= Man-made law =

Law defined by humans

Man-made law is law that is made by humans, usually considered in opposition to concepts like natural law or divine law.

The European and American conception of man-made law has changed radically in the period from the Middle Ages to the present day. In the Thomistic view dominant in the Medieval period, man-made law is the lowest form of law, as a determinatio of natural law or divine positive law. In the view dominant in the modern period, man-made law is thought of as primary because it is man-made. The Soviet Union went further, not recognizing any such thing as divine or natural law. In several Islamic countries, man-made law is still considered to be subordinate to divine law.

==Philosophical concepts==

===In Hegelianism===
Professor Heinz Mohnhaupt of the Max Planck Institute for European History of Law relates man-made law to Hegel's concept of Rechtsgesetze or "Laws of Right", which Hegel placed in opposition to the Naturgesetz or laws of nature. In the Hegelian view, according to Mohnhaupt, man made law is Rechtsgesetze, or at least a subset thereof. Its characteristics are that it is "not absolute", and is created by human beings "above all" for the regulation of their actions and behaviour (but also for the ordering of things). It "has to be generally known" and "has to take into account [both] its anthropological determination and [...] its chronological determination". Man-made law is fluid, changing over time in order to adapt to changing real-world circumstances.

===In the writing of Thomas Aquinas===

Thomas Aquinas expounded the concept of Human Law, a distinct form of law alongside Natural Law and Eternal Law, in Summa Theologica. Thomas asserted the primacy of natural law over man-made law, stating that where it "is at variance with natural law it will not be a law, but spoilt law" ST. The result of any such conflict is that the man-made law does "not oblige in the court of conscience" ST, since human law is a determinatio of divine or natural law, and a lower law cannot contradict a higher law.
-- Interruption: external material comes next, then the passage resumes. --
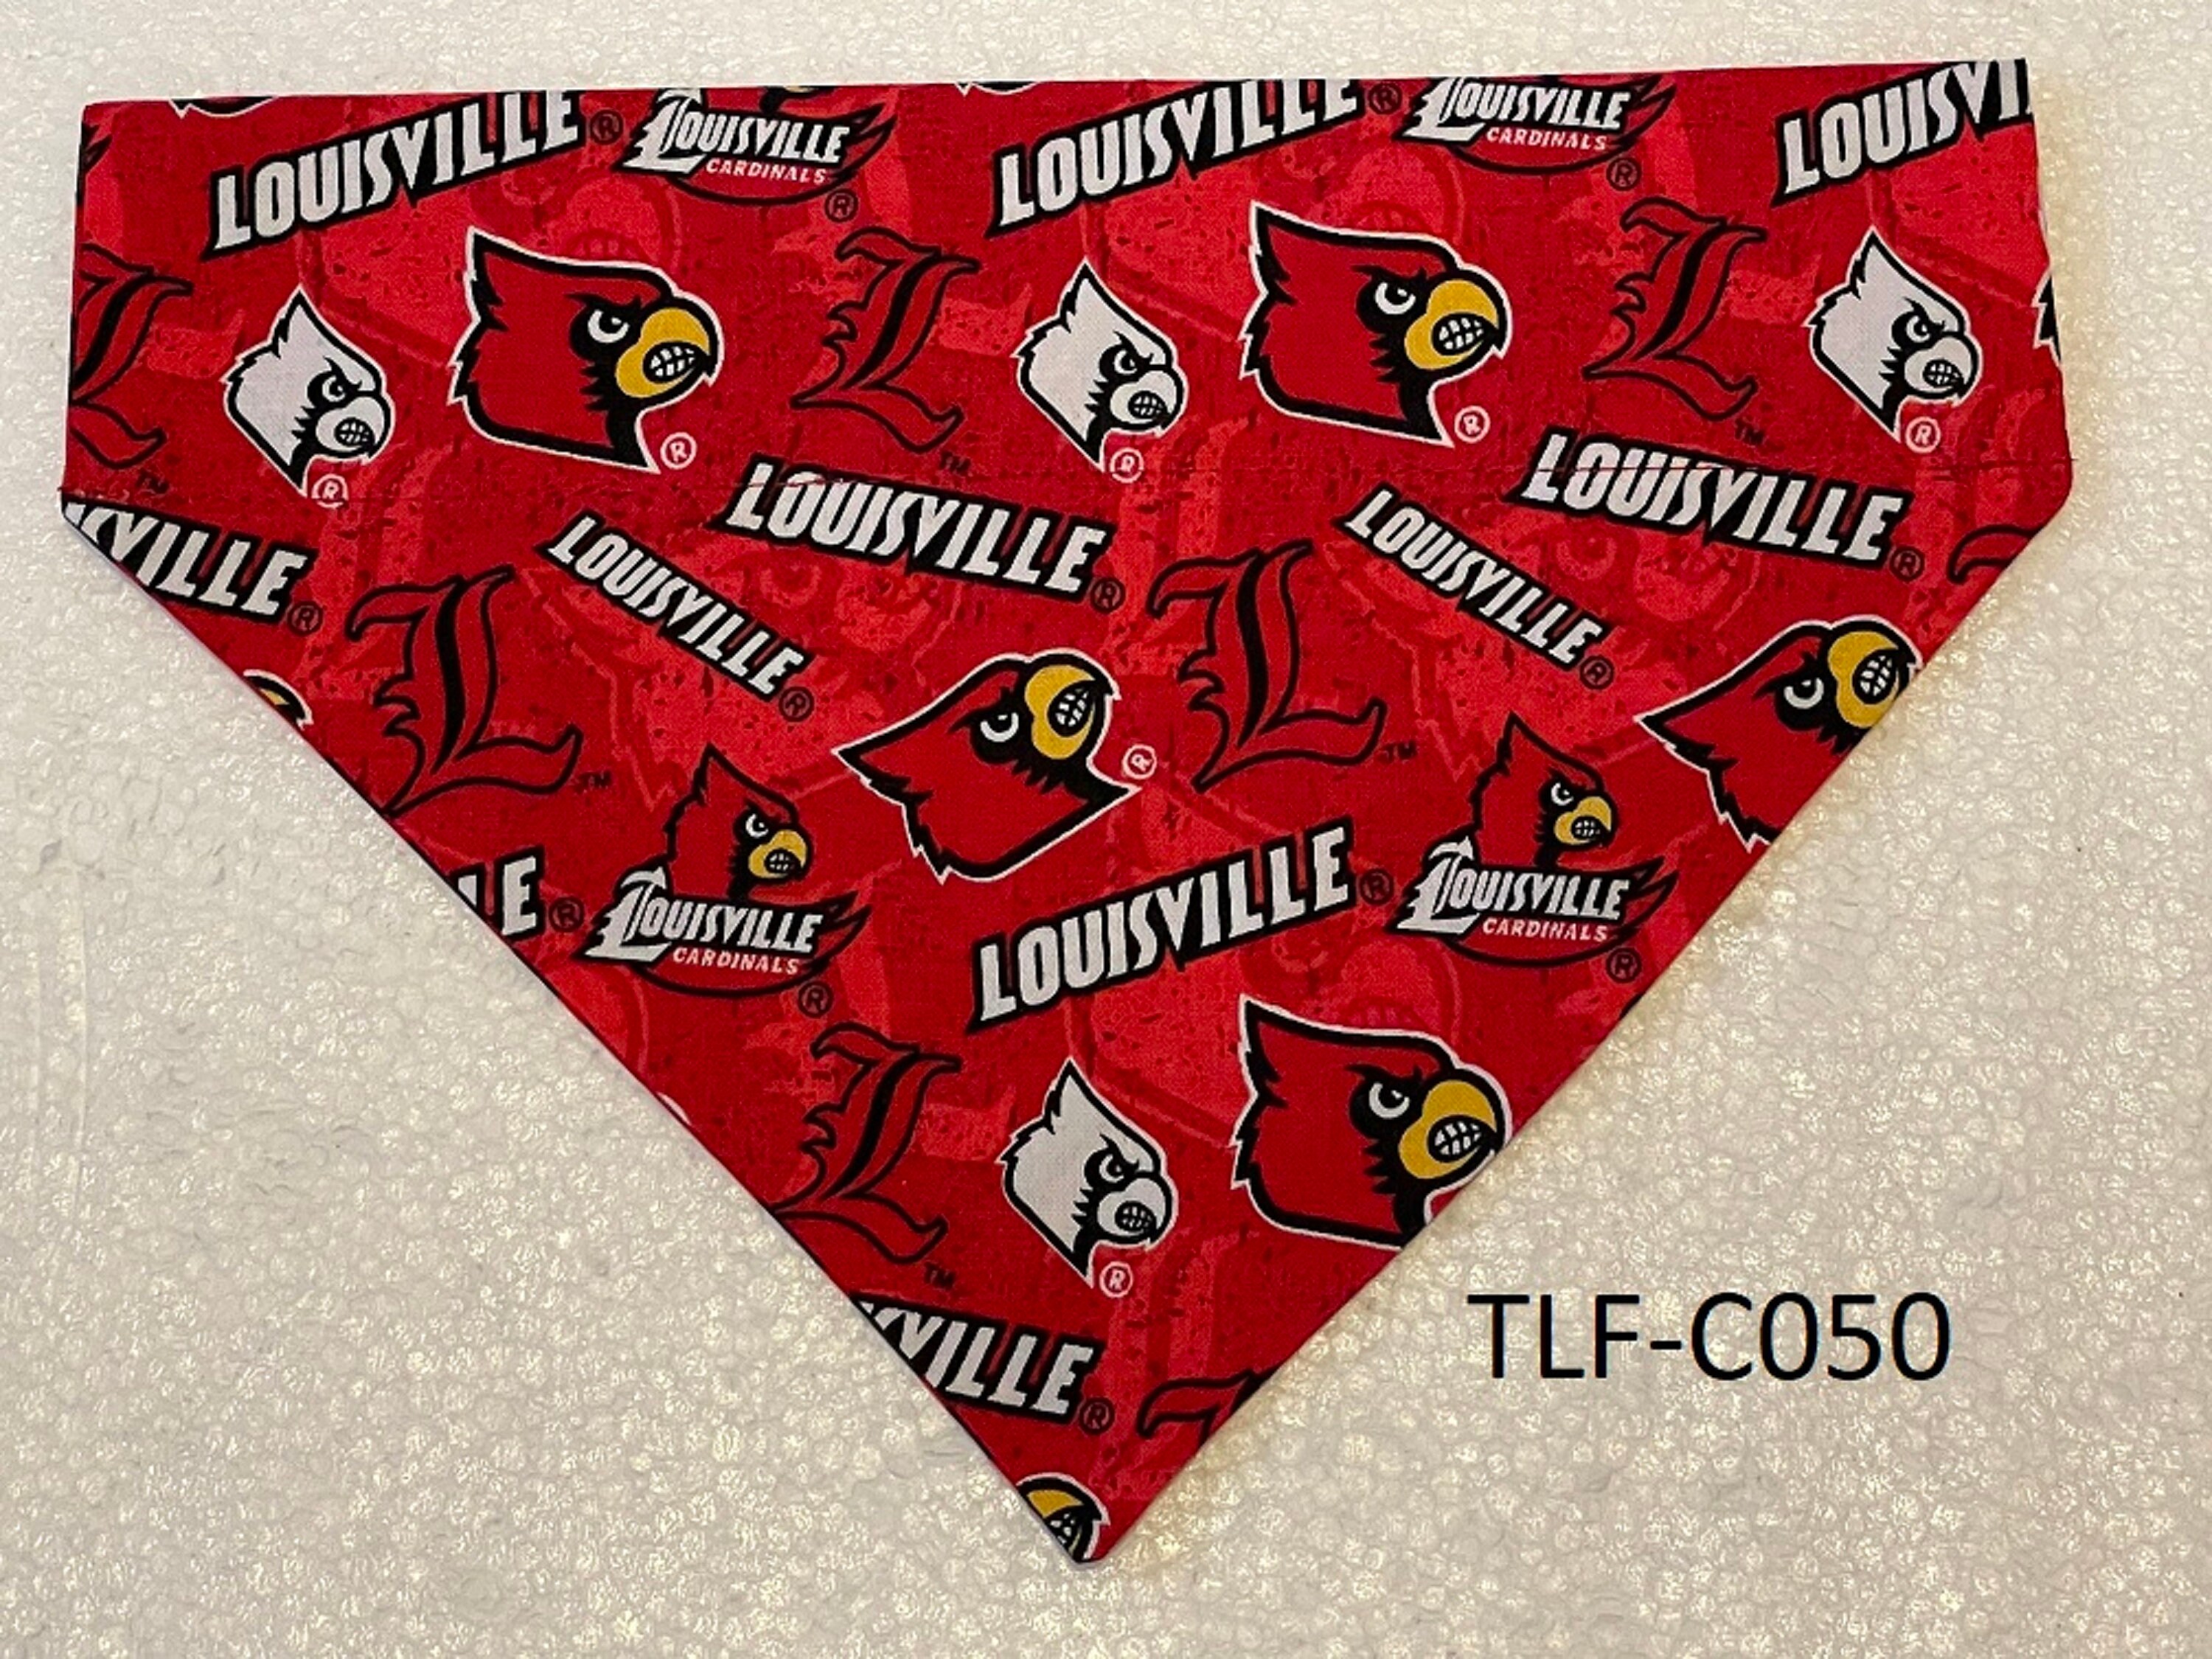 NCAA Louisville Cardinals Nylon Football Dog Toy

Natural law theorists and others have thusly challenged many man-made laws over the years, on the grounds that they conflict with what the challengers assert to be natural, or divine, laws.

====Lex humana versus lex posita====

Thomas Aquinas himself conflated man-made law (lex humana) and positive law (lex posita or ius positiva). However, there is a subtle distinction between them. Positive law regards law from the position of its legitimacy. Positive law is law by the will of whoever made it, and thus there can equally be divine positive law as there is man-made positive law. (More literally translated, lex posita is posited rather than positive law.) In the Summa contra Gentiles Thomas himself writes of divine positive law where he says "Si autem lex sit divinitus posita, auctoritate divina dispensatio fieri potest (If the law be divinely given, dispensation can be granted by divine authority)" and "Lex autem a Deo posita est (But the Law was established by God)". Martin Luther also acknowledged the idea of divine positive law, as did Juan de Torquemada.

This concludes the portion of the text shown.